** Opening Data supplied block **

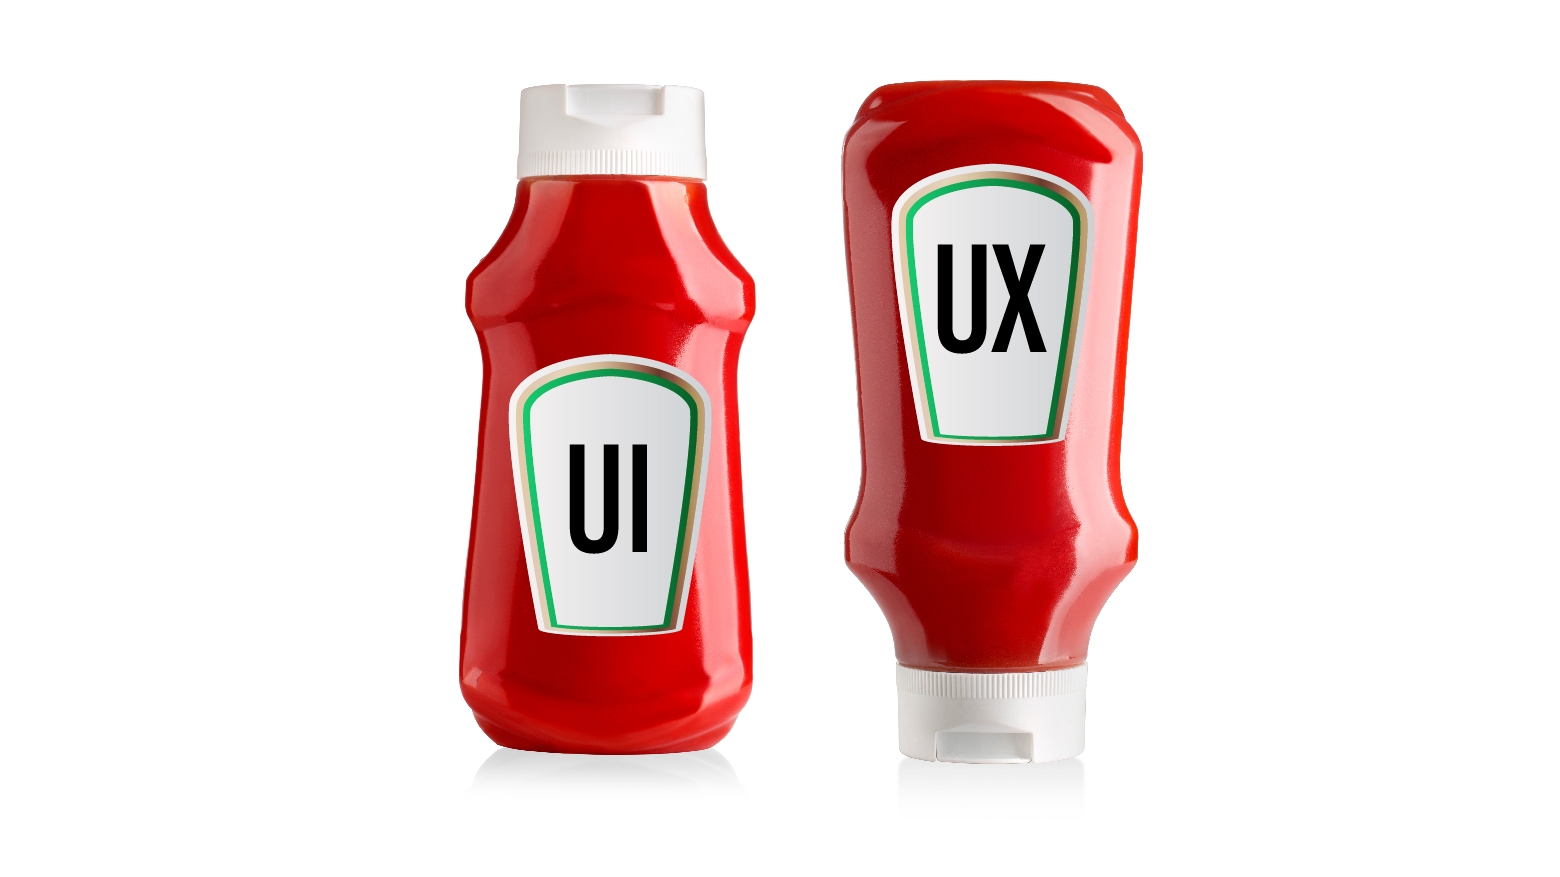 Foto tentang perbedaan UI dan UX 
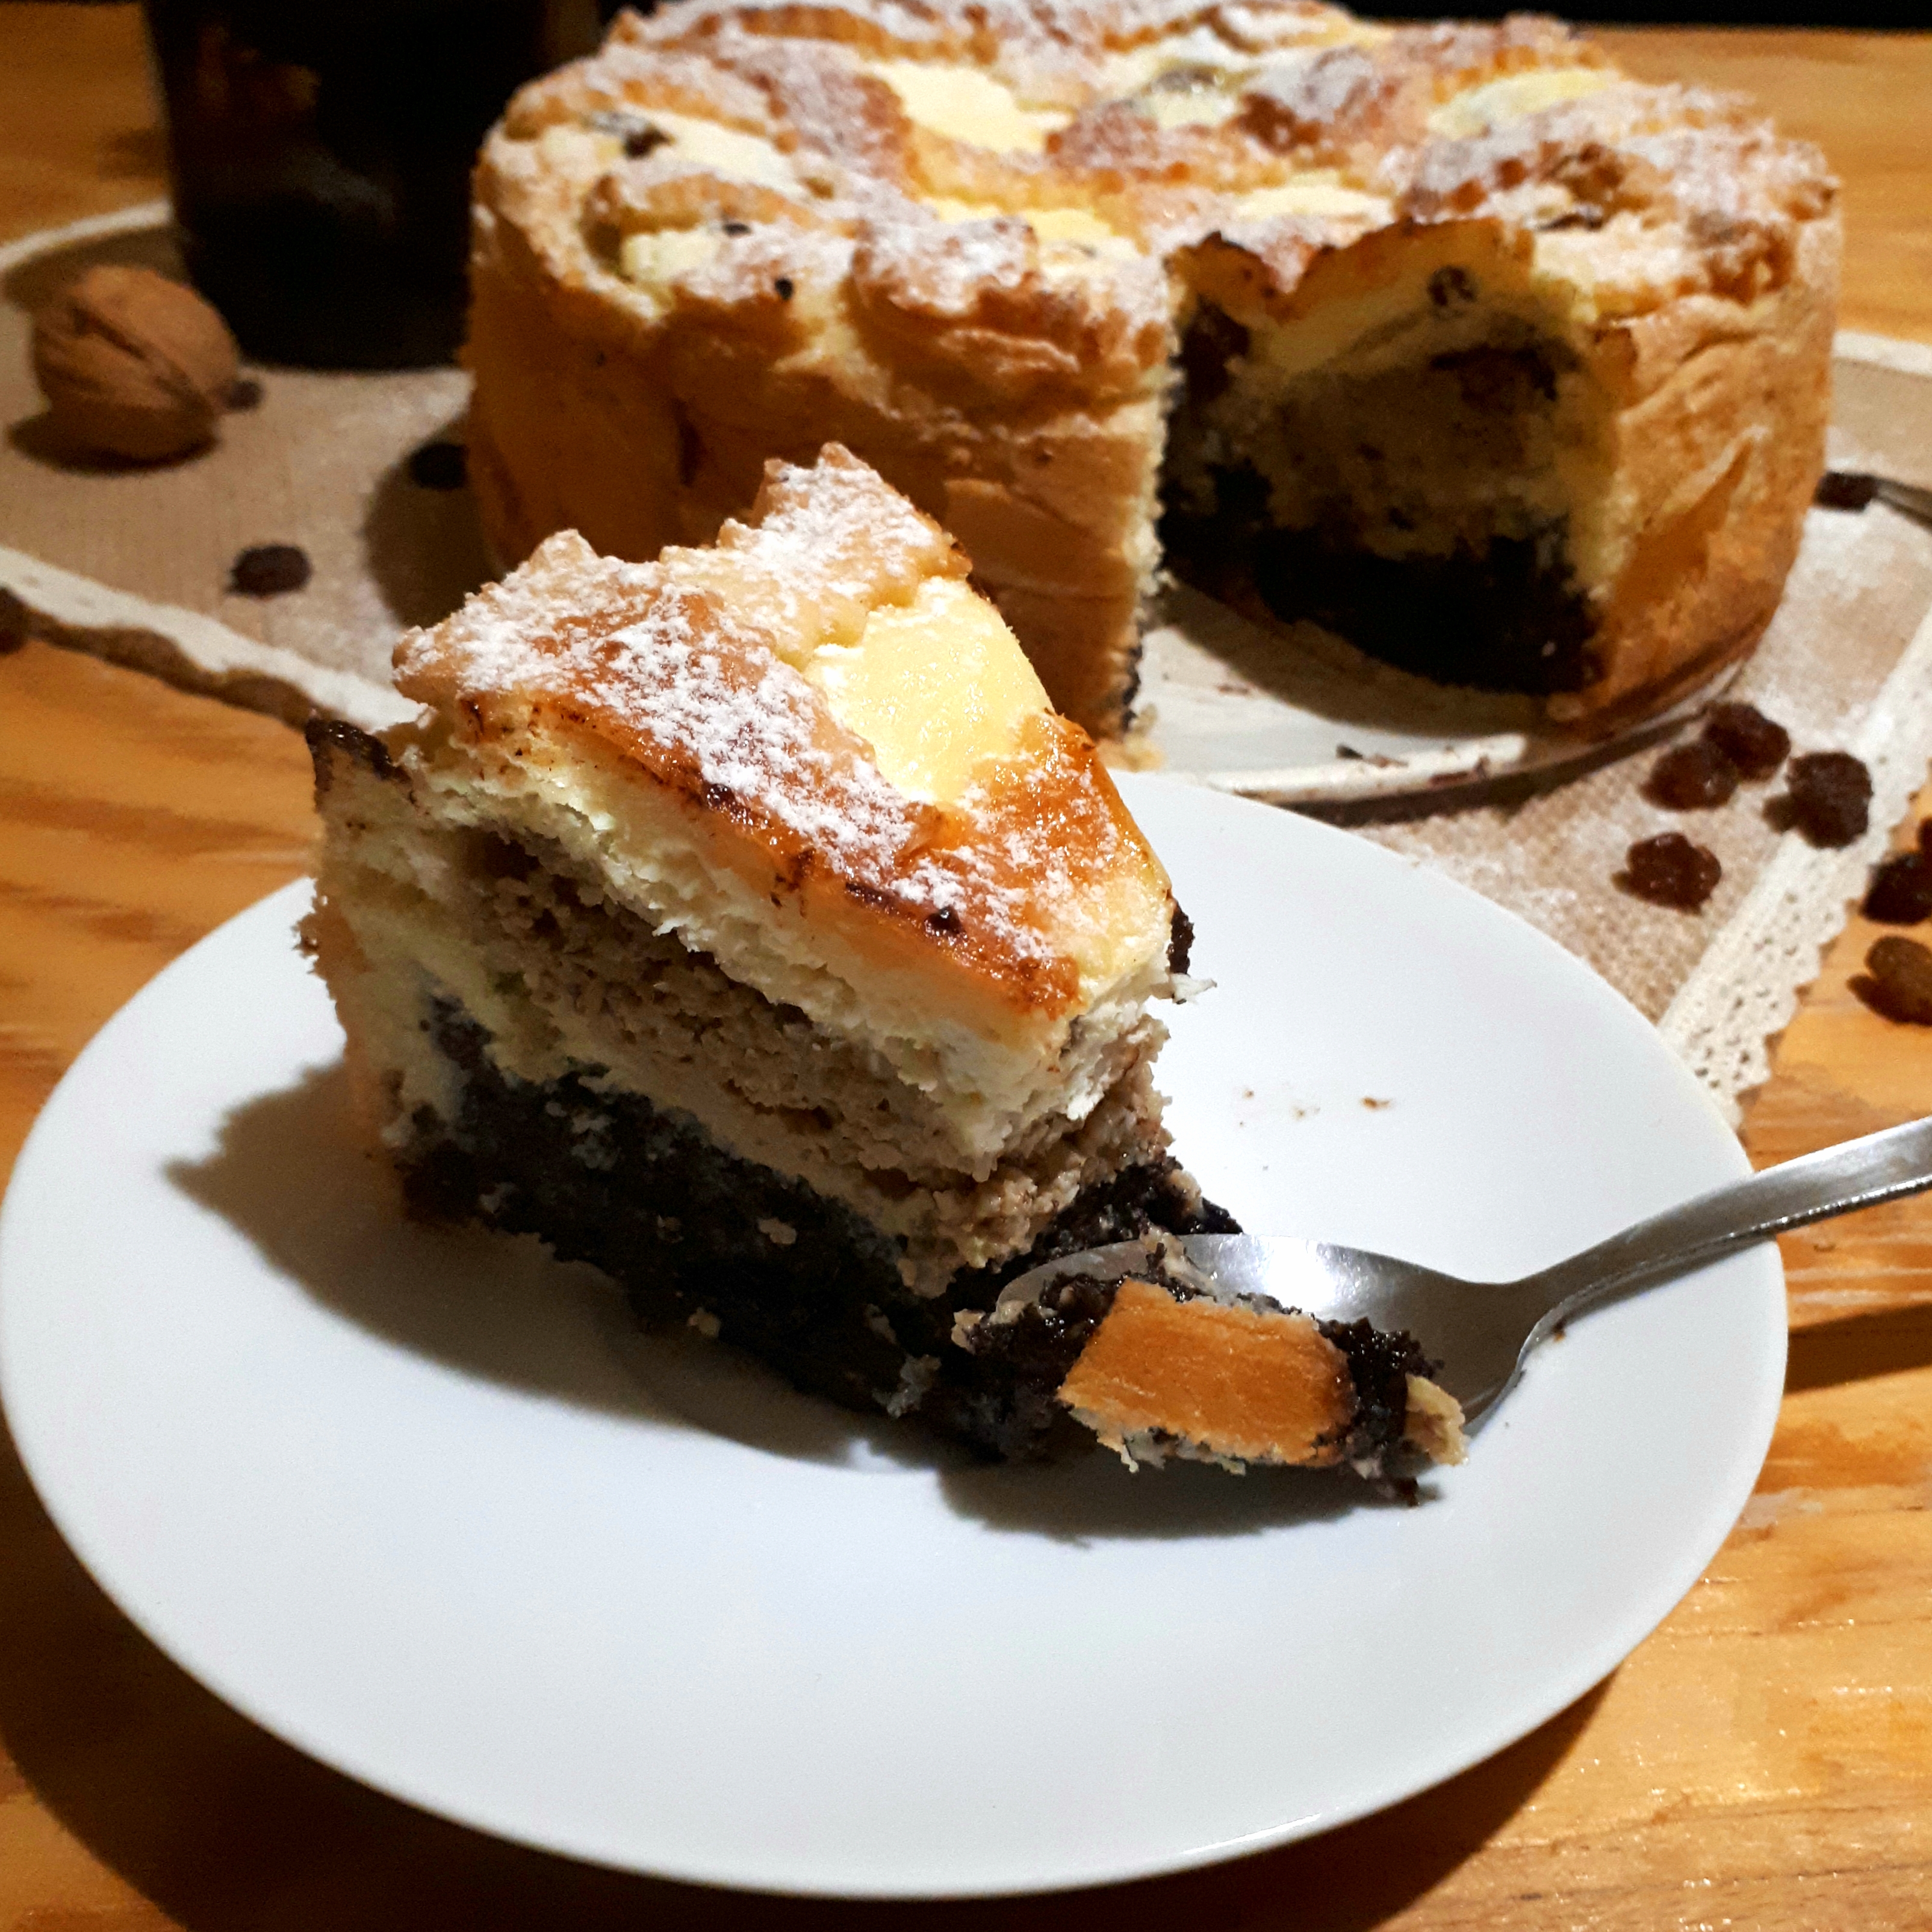 Torta štedrák posypaná práškovým cukrom prírodné filcové prestieranie na drevenom stole okolo hrozienka vlašský orech v pozadí dóza so slivkovým lekvárom v popredí kúsok torty na bielom tanieriku lyžička
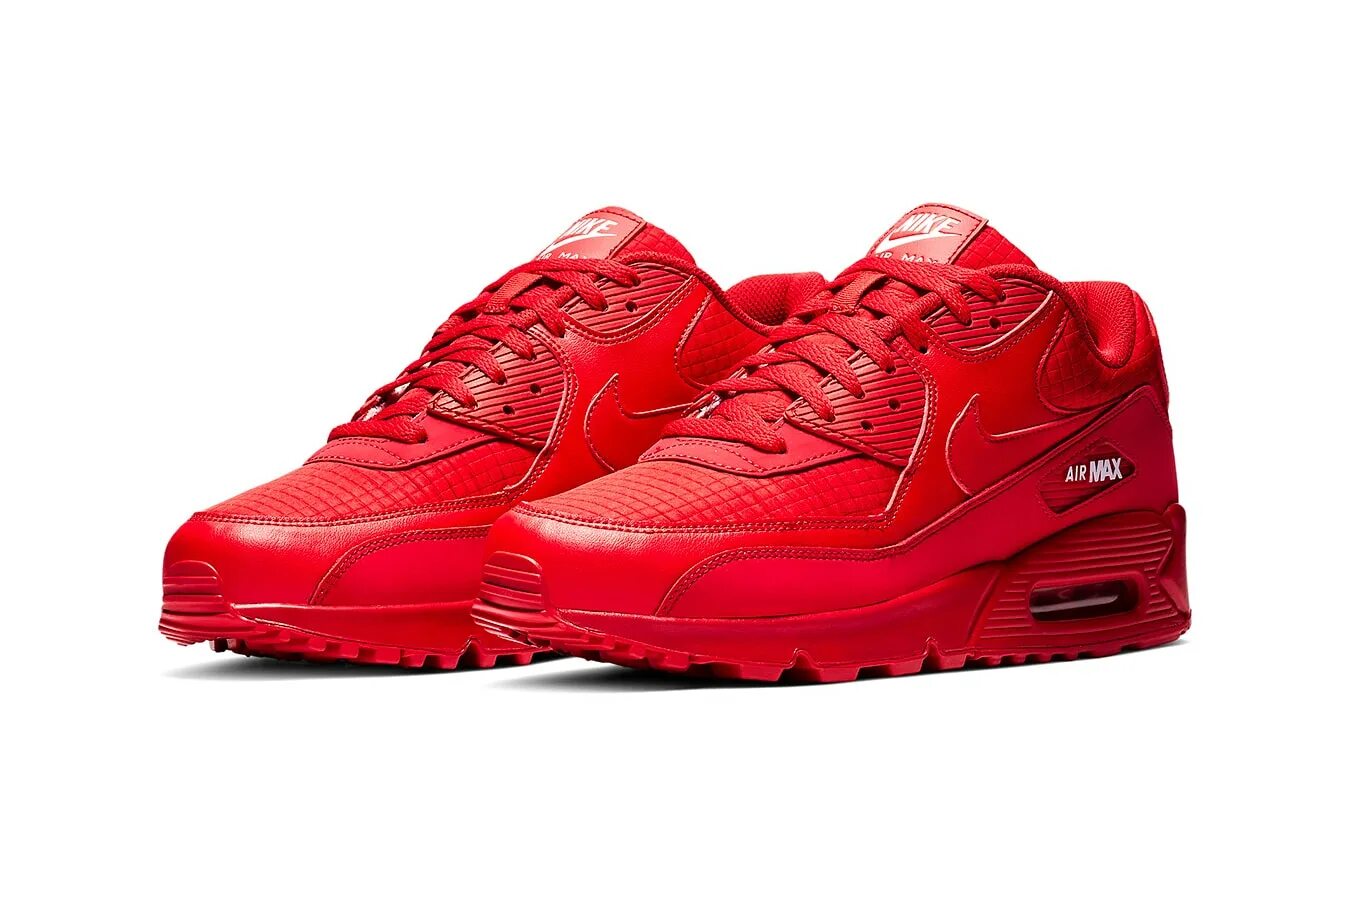 Nike Air Max 90 Red. Nike Air Max красные. Nike Air Max 90 Limited Edition. Nike Air Max 90 мужские красные. Интернет магазин кроссовок найк мужские
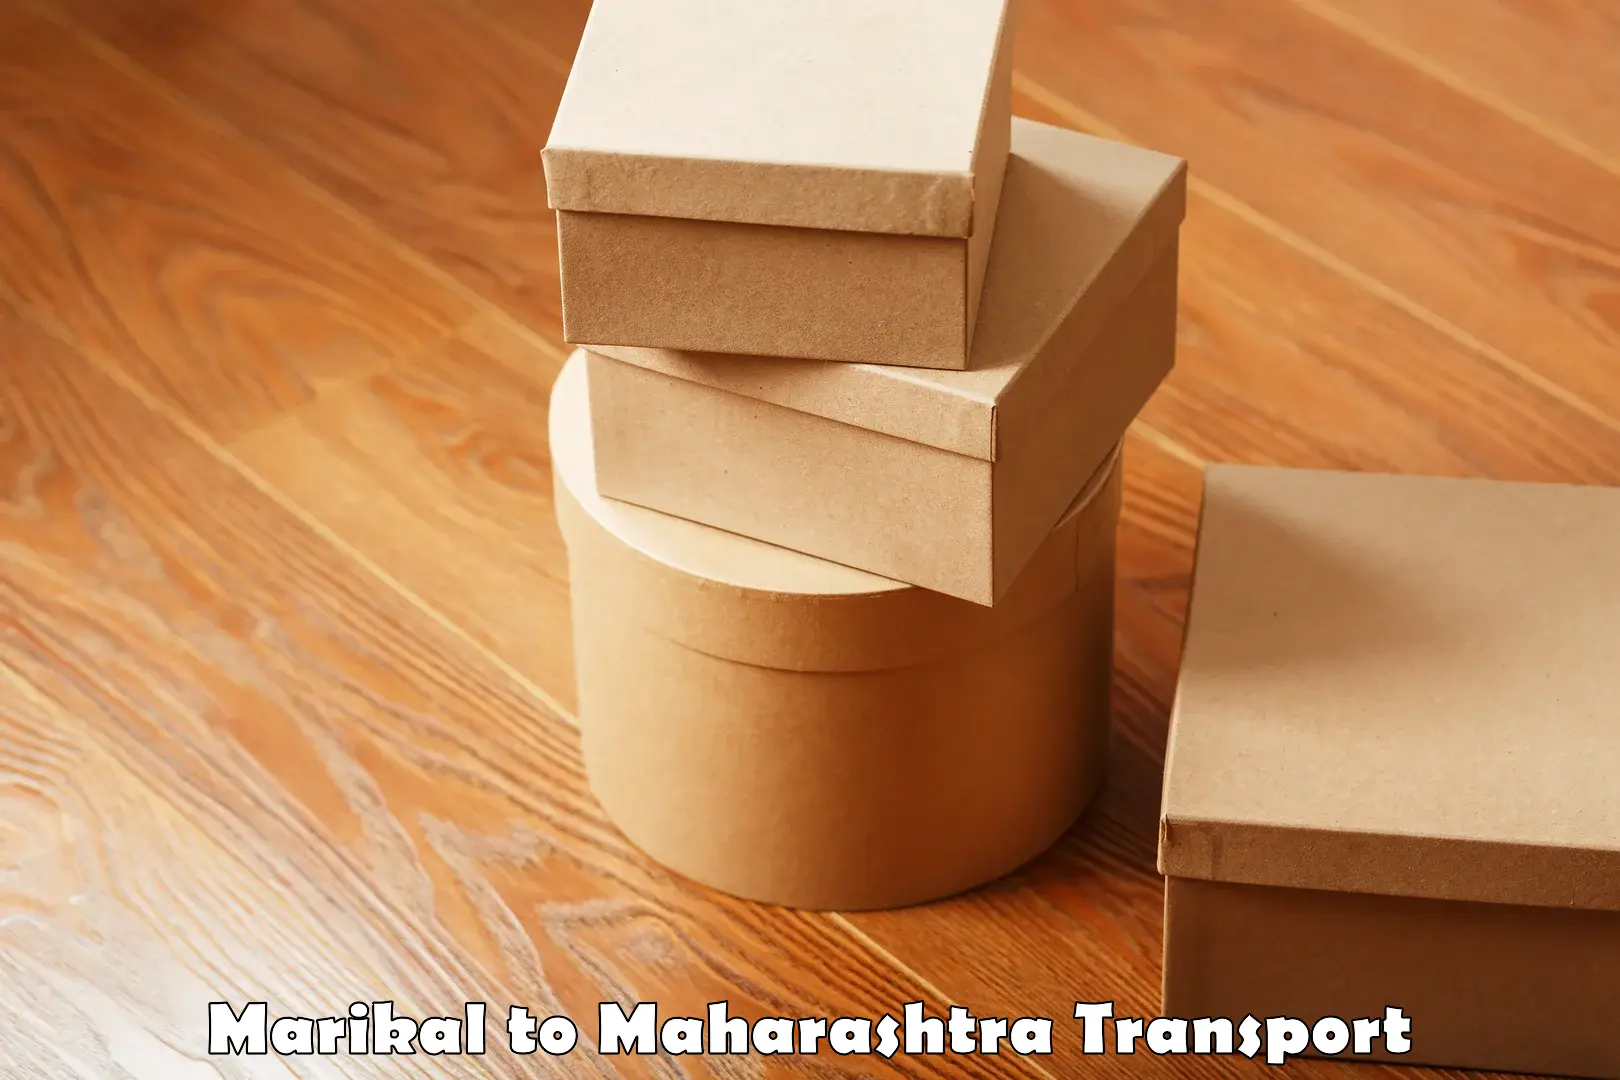 Commercial transport service Marikal to Maharashtra
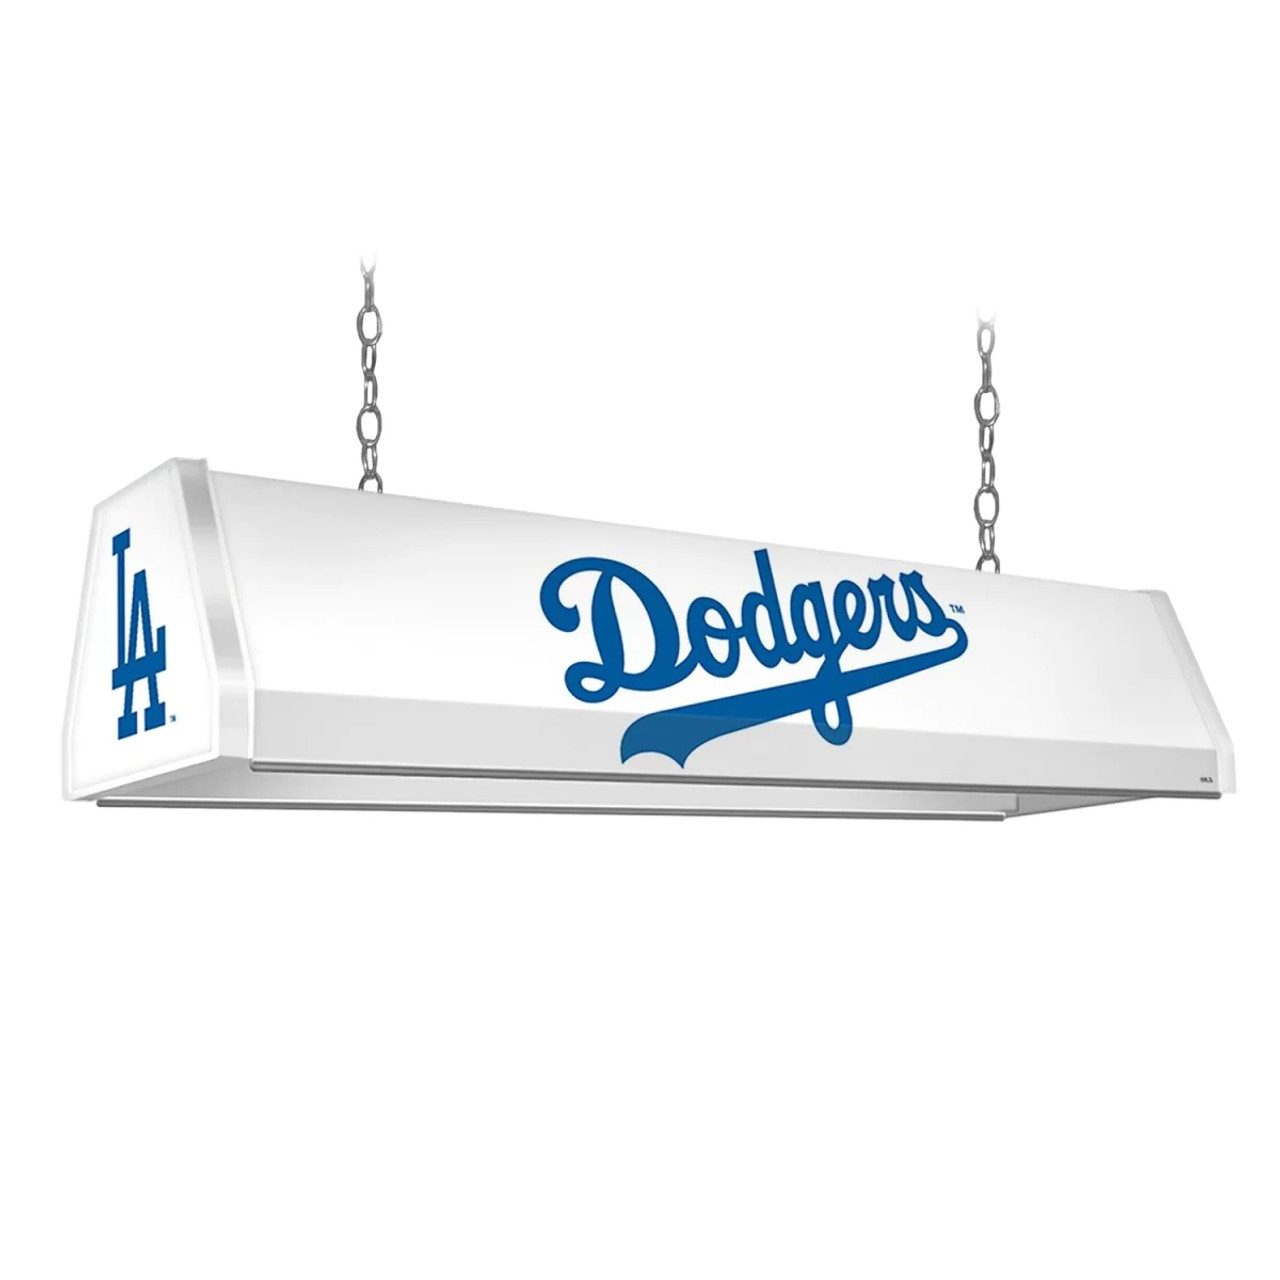 MBDODGERS-310-01B, LAD, LA, Los Angeles, Dodgers,  Standard, Billiard, Pool, Table, Light, Lamp, "B" Version, MLB, The Fan-Brand, 704384965947

** Closing Data supplied block **

Your instructions: Beginning with the line that contains "Commercial transport service" and ending with the final line of the material, reproduce those lines exactly and nothing else. Omit the pictures.

Your response:
 Commercial transport service Marikal to Maharashtra
 MBDODGERS-310-01B, LAD, LA, Los Angeles, Dodgers,  Standard, Billiard, Pool, Table, Light, Lamp, "B" Version, MLB, The Fan-Brand, 704384965947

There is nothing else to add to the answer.